Boys, I wrote up an article recently and in it I used a few nuggets that I have in a book I'm working on. Figured I'd use one of them here.  Many of you know this already but many others don't.  I was recently at an event and saw guys step over good deadfall woods like cedar and oak with armloads of resinous, spitting pine.  They spent the evening choking on smoke and complaining how it followed them around the firepit stinging their eyes.  Their tin was blacker than a lawyer's hat and even if they had a good cook amongst them, the resin would undo any good flavor he could put in the pan.  When I got up in the pre-dawn, to stoke my coals and start the day, I looked over and saw a group of cold, tired men trying to re light some fresh sticks with matches and typing paper.  It was forgivable if they were all new to this, but I had a sinking feeling that they weren't so I sat down to write a few words on it.

Although there are times where you have a limited fuel selection and must settle for whatever is on hand, you should still know the difference between the good and poor burning woods.  The advantage of knowing this is to know which woods heat best and and are ideal to last a long cold night adequately.  A clean burning wood with good coals is better to cook on and prevents irritating your lungs and eyes.  Resinous woods also make a mess of your cooking kit and spoils the taste of your food.  When picking up your deadfall or filling your homestead's woodpile, consider these guidelines.

I generally prefer hardwood (broadleaf) over softwoods (conifers) but sometimes broadleaf trees such as the willow are the worst kind of wood to forage.  Generally, you want a wood with a slow burn speed, that generates a good heat output, burns clean, and leaves lasting coals.  The best woods for this are Ash, Beech, Apple, Cherry, Cedar, or Hawthorne.    Some woods that are considered good to medium would include Oak, Maple, or Birch.  These woods still burn well and will serve you just fine in cooking a meal or keeping warm.

In fact, there are many other fine woods to use and many more decent woods in-between but there are also poor woods that should only be used as a last resort.  Poor woods are either too difficult to keep lit, or burn too fast,  smoke, spit, spark too much, and heat insufficiently in addition to not producing a good coal bed.
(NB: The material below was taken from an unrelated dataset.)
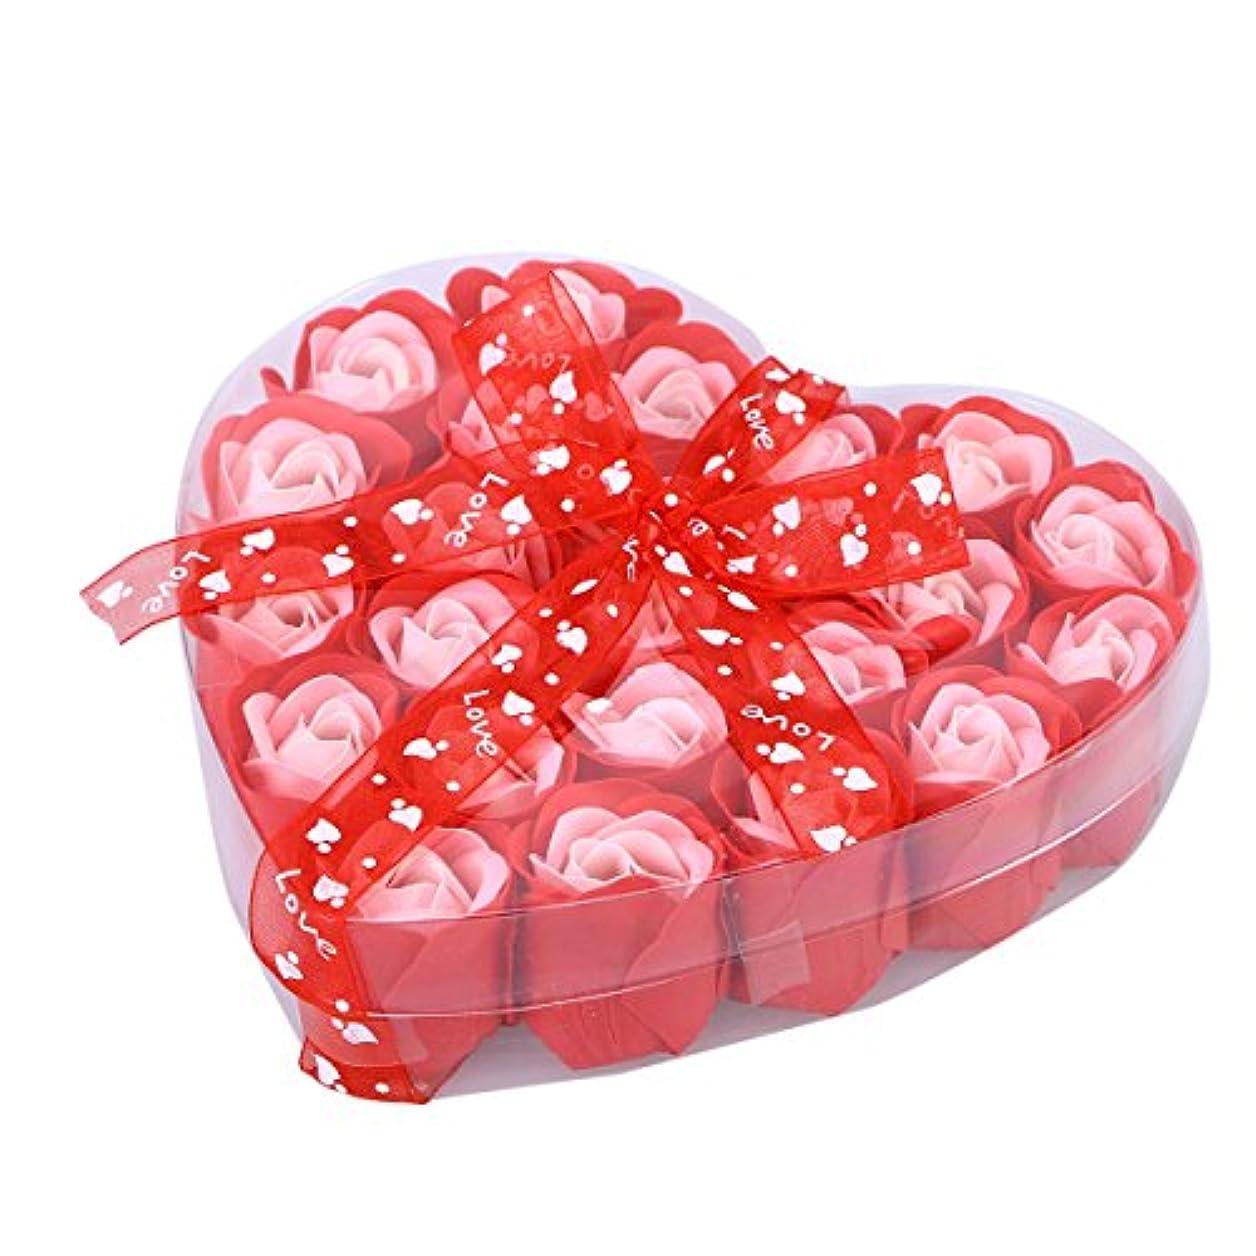 Frcolor 香り付きバスソープ ハートボックスにバラ形のソープ 飾り物 ギフト 24個入

Examples of poor firewood are Chestnut, Fir, Holly, Poplar, Spruce, or Willow.  It’s also important to note that this kind of wood’s ash does not contain enough lye to make soap, clean cooking implements well, or fortify Indian meal.  (Stick to using good burning hardwood ash for this.)

There are other things here to go over like the best way to start a fire and keeping your tin out of the flames but why waste all that opportunity in just one discussion.

Stay warm out there...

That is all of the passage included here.